> WHAT IS EXPECTED
The whole listing should come back exactly as written, except for the pictures.

> PROVIDED MATERIAL
═══

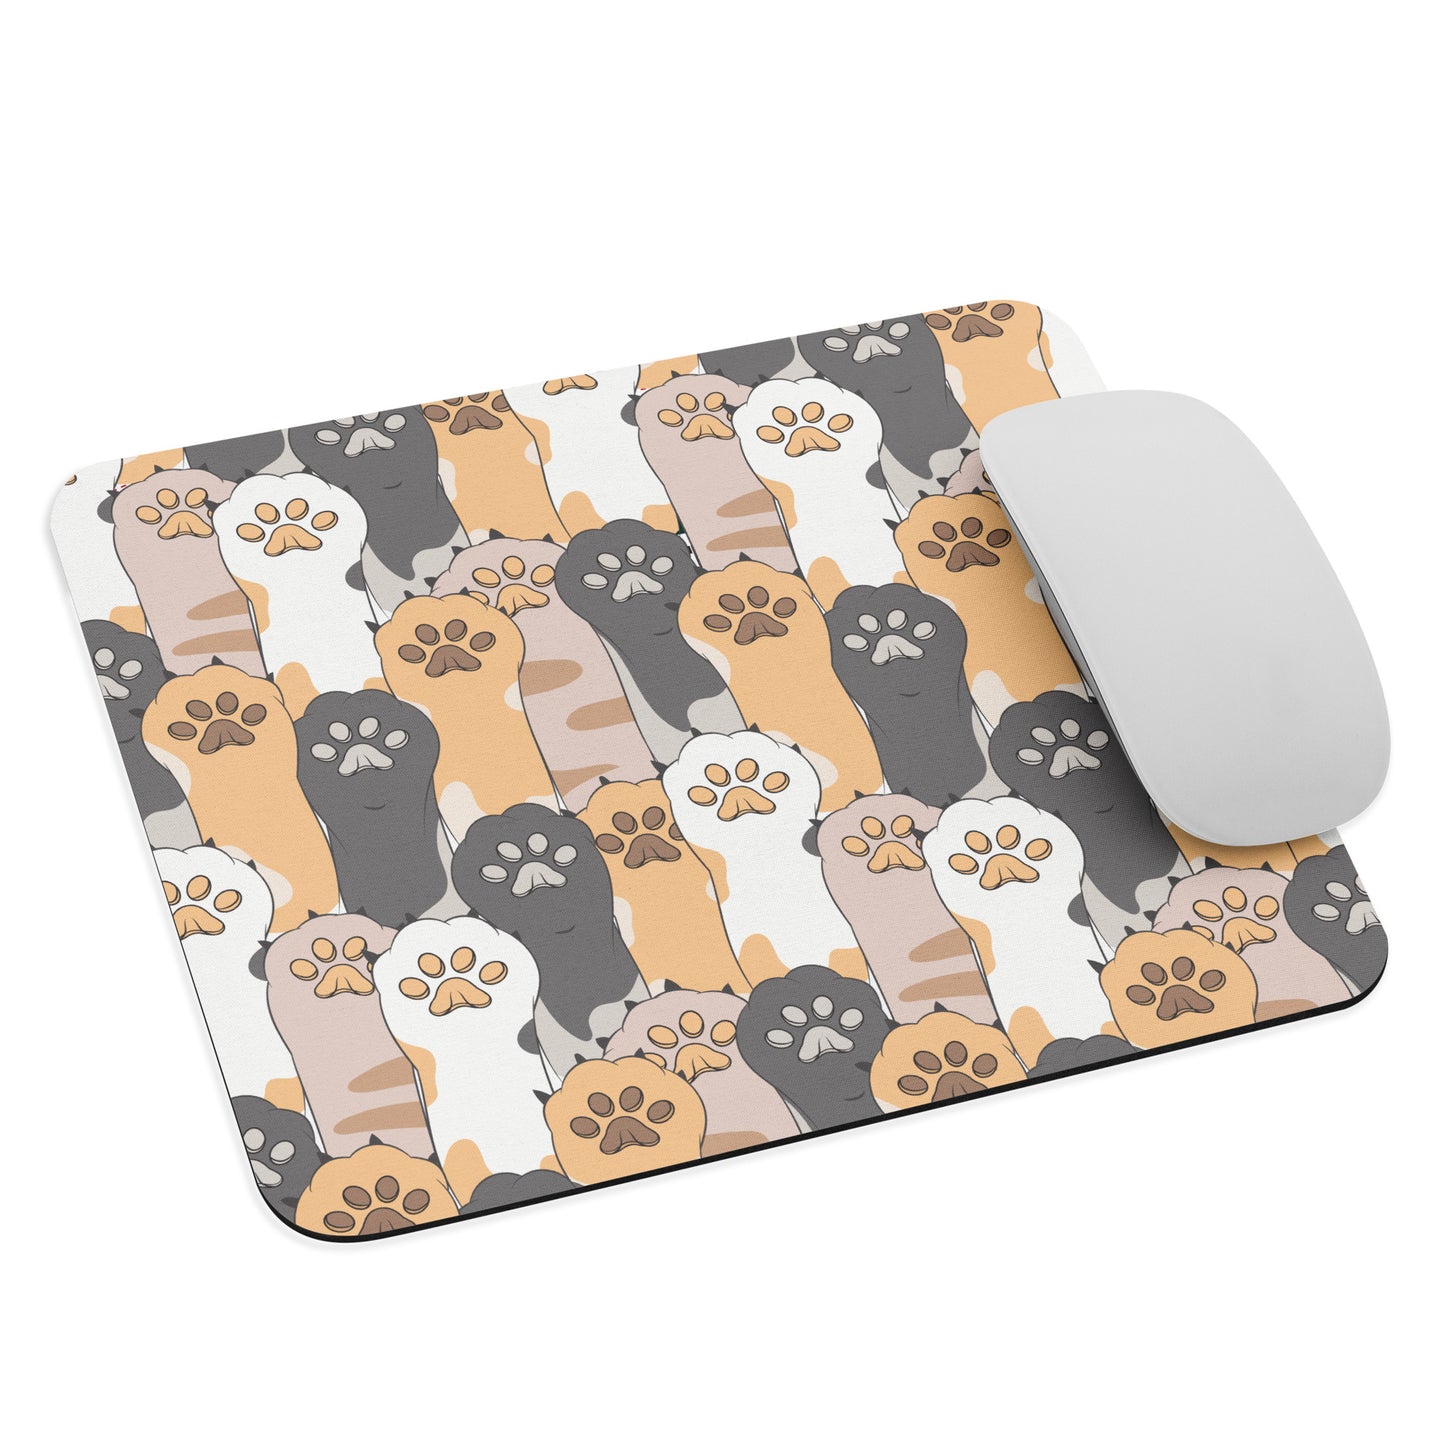 Cute Kawaii Gaming Mouse pad, Computer Keyboard Office Accessories, Cute Office Decor
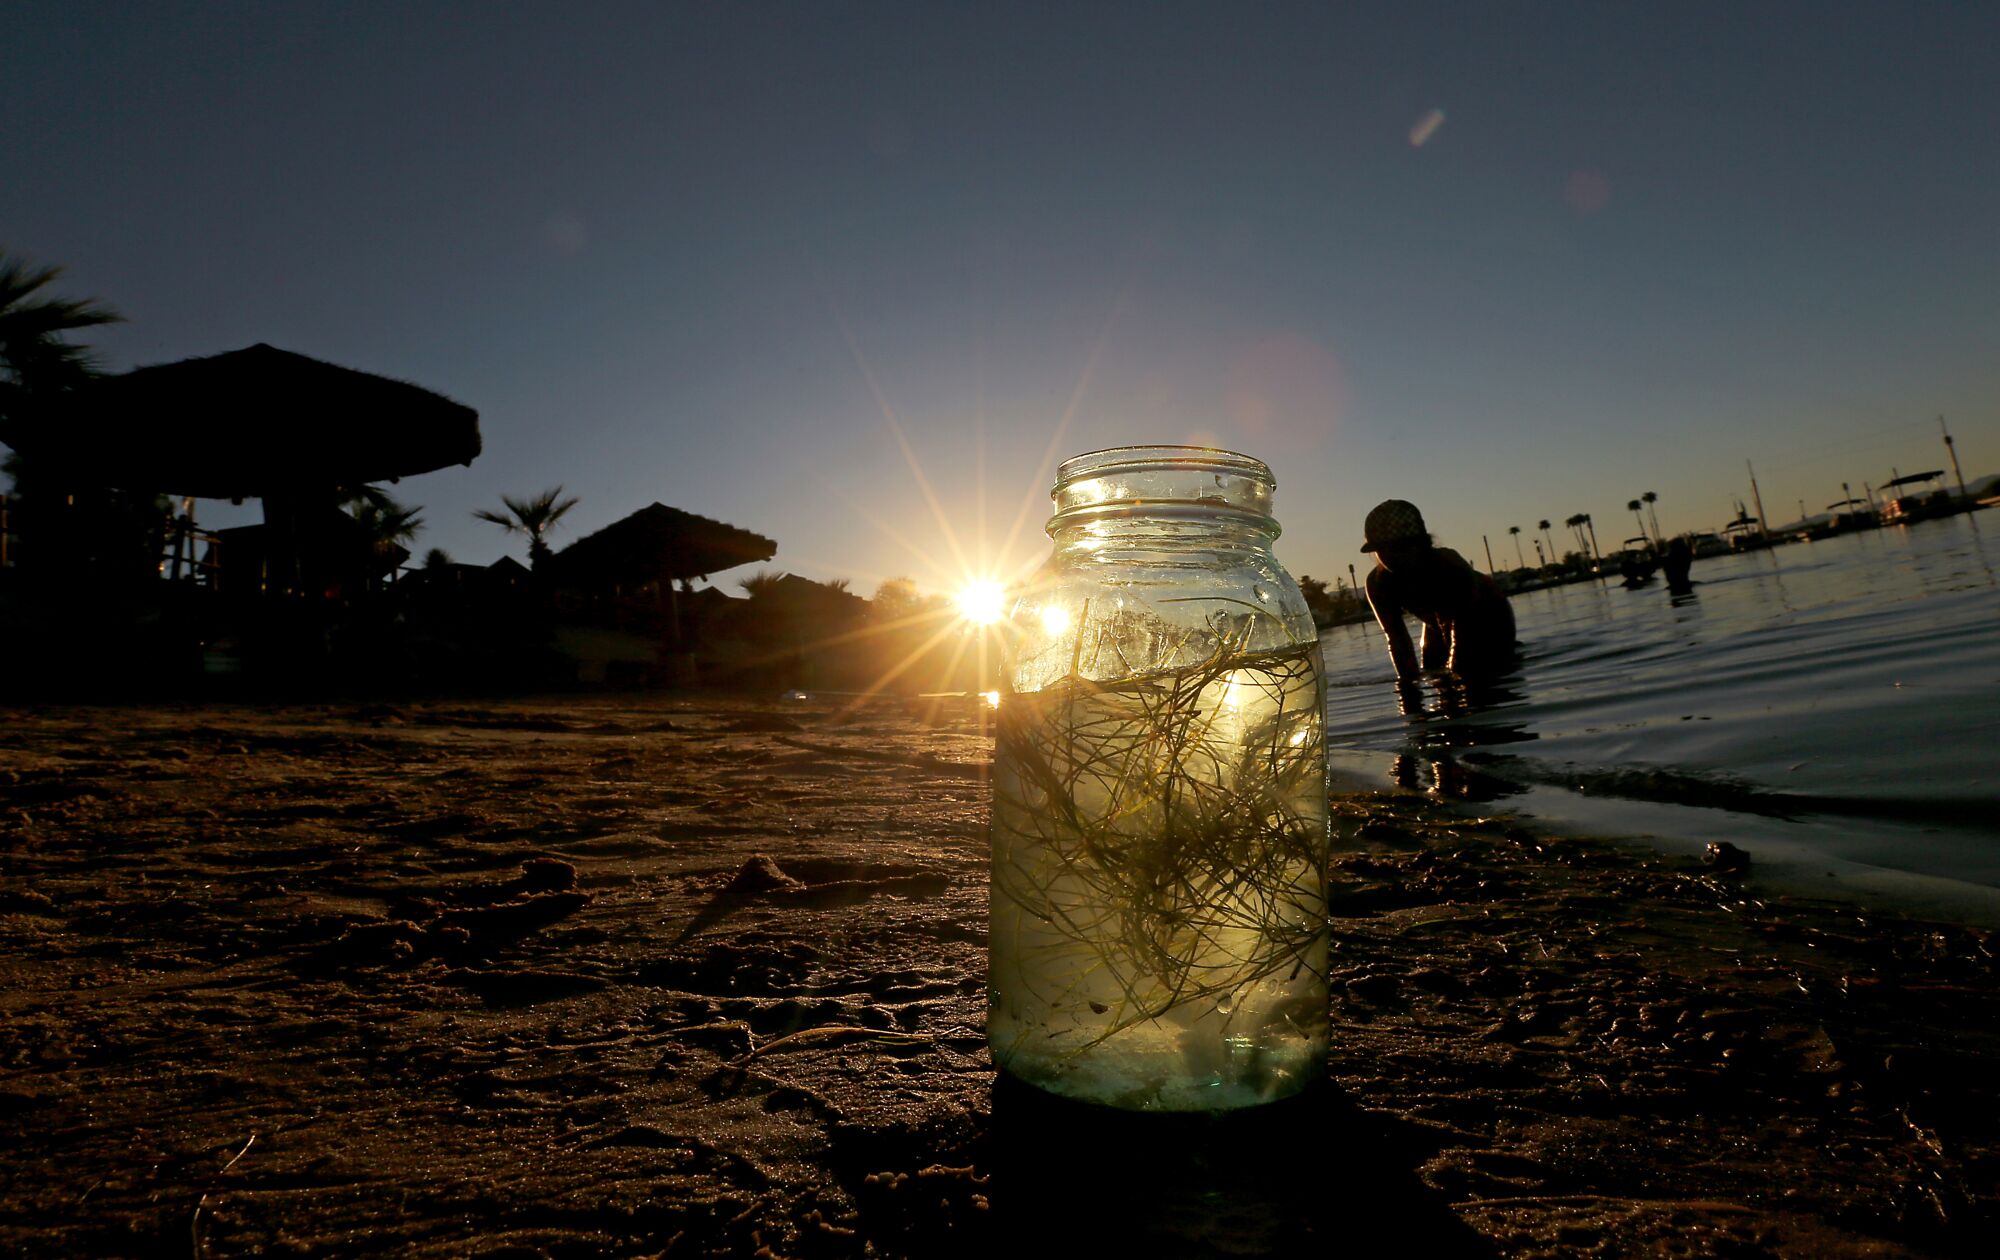 A child collects water, plants and small fish in a jar at Pirate Cove Resort and Marina near Needles
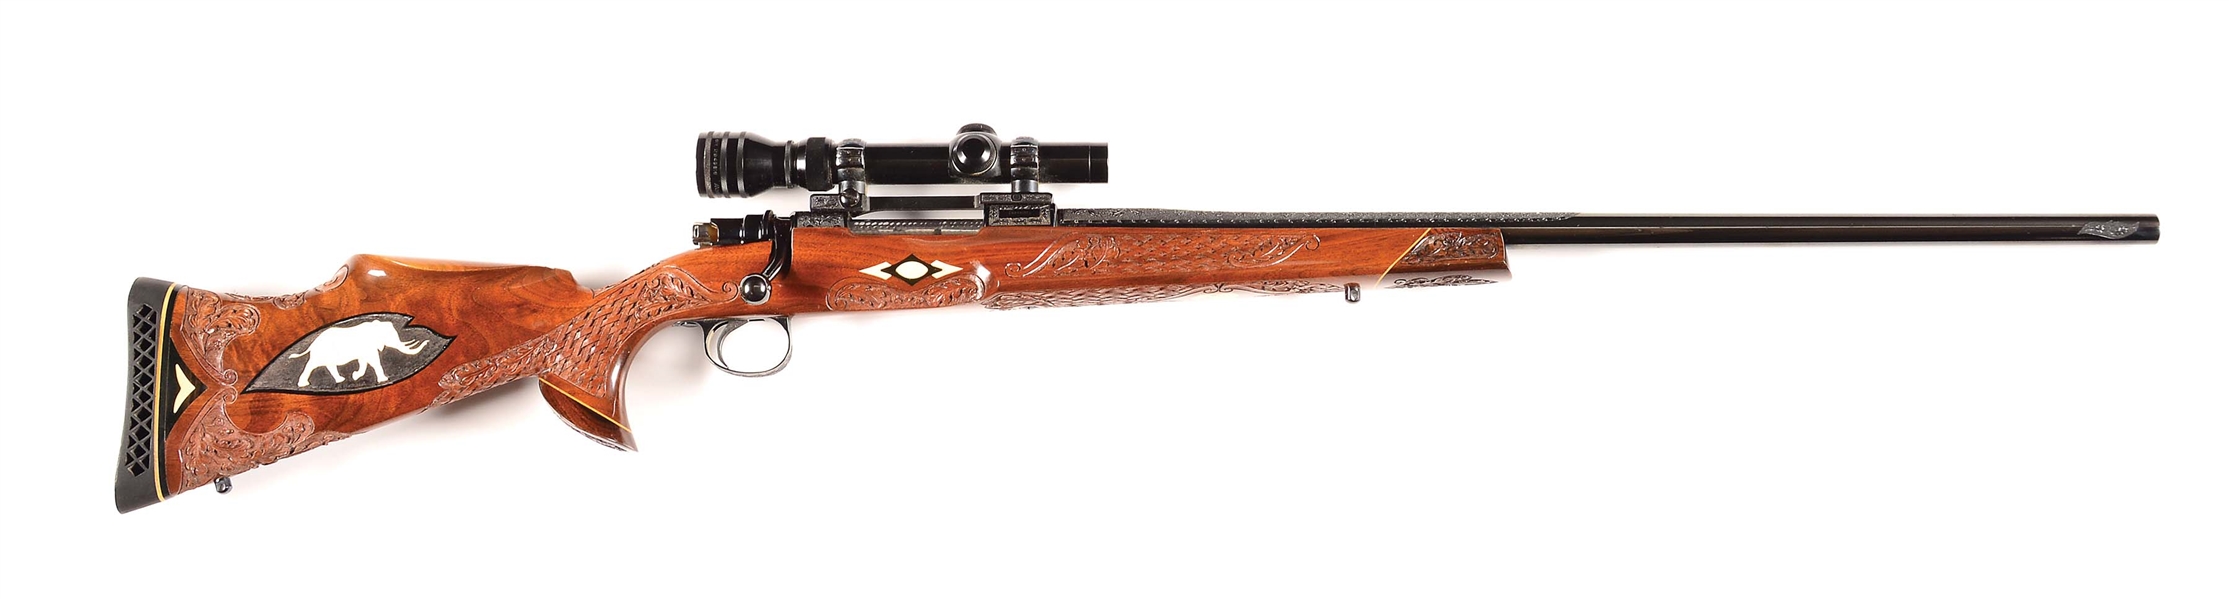 (C) WINSLOW ARMS CO. MODEL IMPERIAL BOLT ACTION RIFLE.

═══

> RESULT
 Cute Kawaii Gaming Mouse pad, Computer Keyboard Office Accessories, Cute Office Decor
 A child collects water, plants and small fish in a jar at Pirate Cove Resort and Marina near Needles
 (C) WINSLOW ARMS CO. MODEL IMPERIAL BOLT ACTION RIFLE.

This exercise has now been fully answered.